Abbattoir traders groan as council demolishes market

After the demolition
Traders at  the Abattoir Market in the Ojokoro Local Council Development Area were jolted on Monday morning when the LCDA demolished a section of the market.

Many of them said they lost their wares while some explained that they had bought some of the stalls outright from the Ojokoro LCDA.

According to some of the affected traders,  they had  yet to get to the market when the demolition team, in company with a detachment of police  from the Rapid Response Squad, arrived with a bulldozer.

Those of them who were around said the demolition squad arrived around 8.30am, with the armed policemen taking positions at strategic points.

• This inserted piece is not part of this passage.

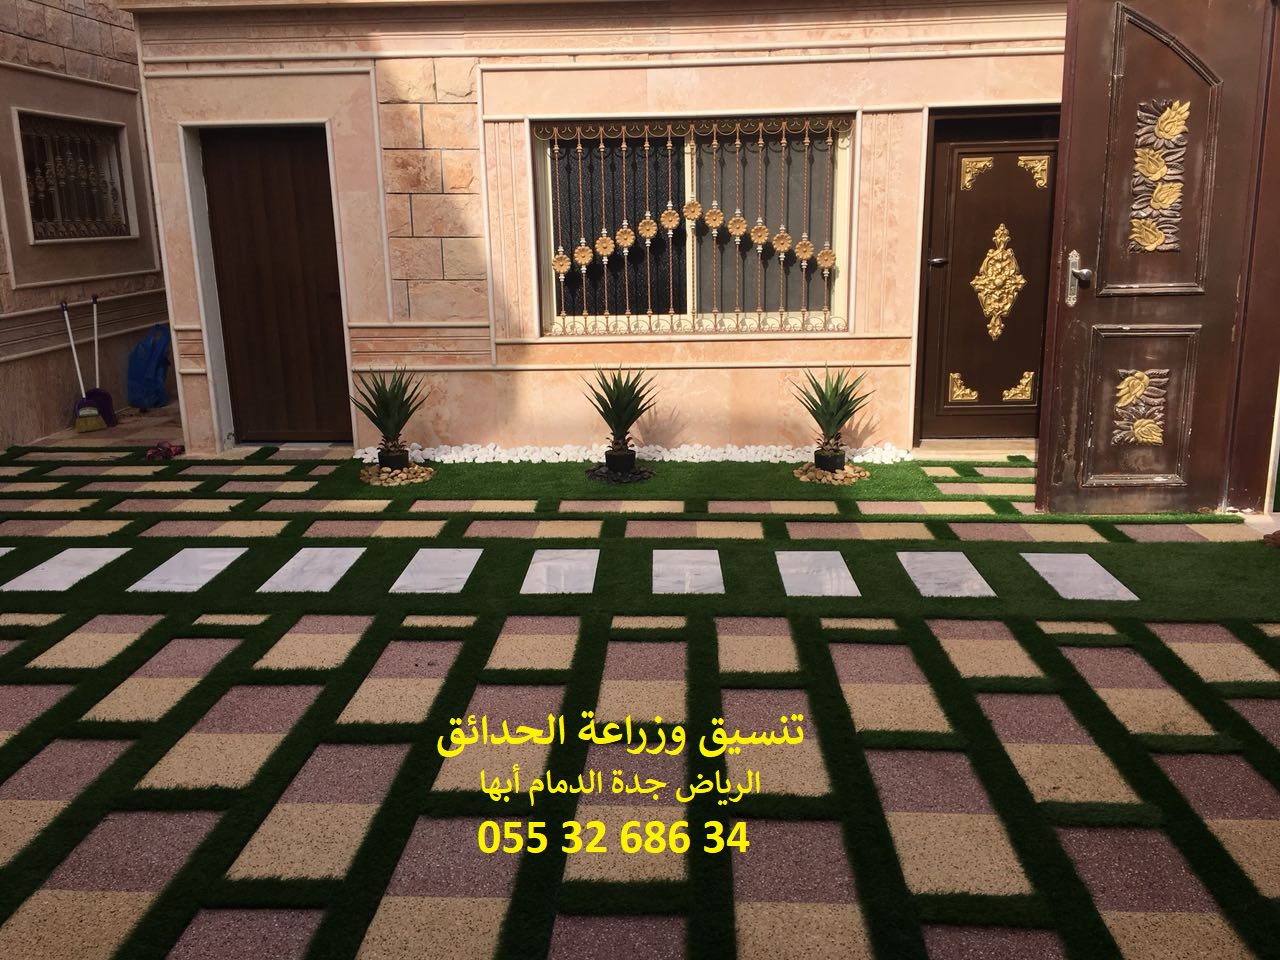 شركة تنسيق حدائق عشب صناعي عشب جداري الرياض جدة الدمام 0553268634 P_1143nc7ha9

The market located along the old Ota Road had become a heap of rubble when our correspondent got there at 12.00 noon.

“They came around 8.30am and they started to demolish the market,” one of the affected traders, Mrs. Nike Bakare,  said. “Some of us had just arrived when we saw the policemen and bulldozer. We quickly  packed what we could and ran out.”

Bakare,  who said she had a stall on which she paid a monthly rent in the market where she sold clothes, noted that they never expected that the Ojokoro LCDA could treat them in such a manner.

A Hausa stall owner, Mr. Yusuf Bala, said he just paid a sum of N500,000 to the LCDA for the stall. He added that his only source of income had gone with the wind.

“Me I sell my farm for home, and I borrow money from my people to buy the shop last year. Now everything I don finish. Me I no know where I go go,” he said in pidgin English. Bala stated that he sold fruits and vegetables in the stall.

Also in Bala’s shoes is one Mrs. Akinwunmi, who also said she had bought a stall four years ago for N300,000.

Akinwunmi  was weeping like a baby at the scene of the demolition and words failed her when our correspondent wanted to talk to her. Her colleagues said she sold vegetable oil and seasonings.

Another trader, Mrs. Ibrahim Omotayo, who said she sold cutlery in her own stall, where she paid N2,500 as monthly rent, also told our correspondent that she lost some of her wares. She explained that some boys who pretended to be helping her to pack some of her wares actually went away with them.

Some of the traders said they got a quit notice from the Ojokoro LCDA while others said they were never served any notice.

When our correspondent visited the Ojokoro LCDA headquarters, the chairman was said to be unavailable. “He is attending a meeting at the Alausa Secretariat,” one of the officials in the information unit,  who did not reveal her name,  said. She said she could not speak on the development.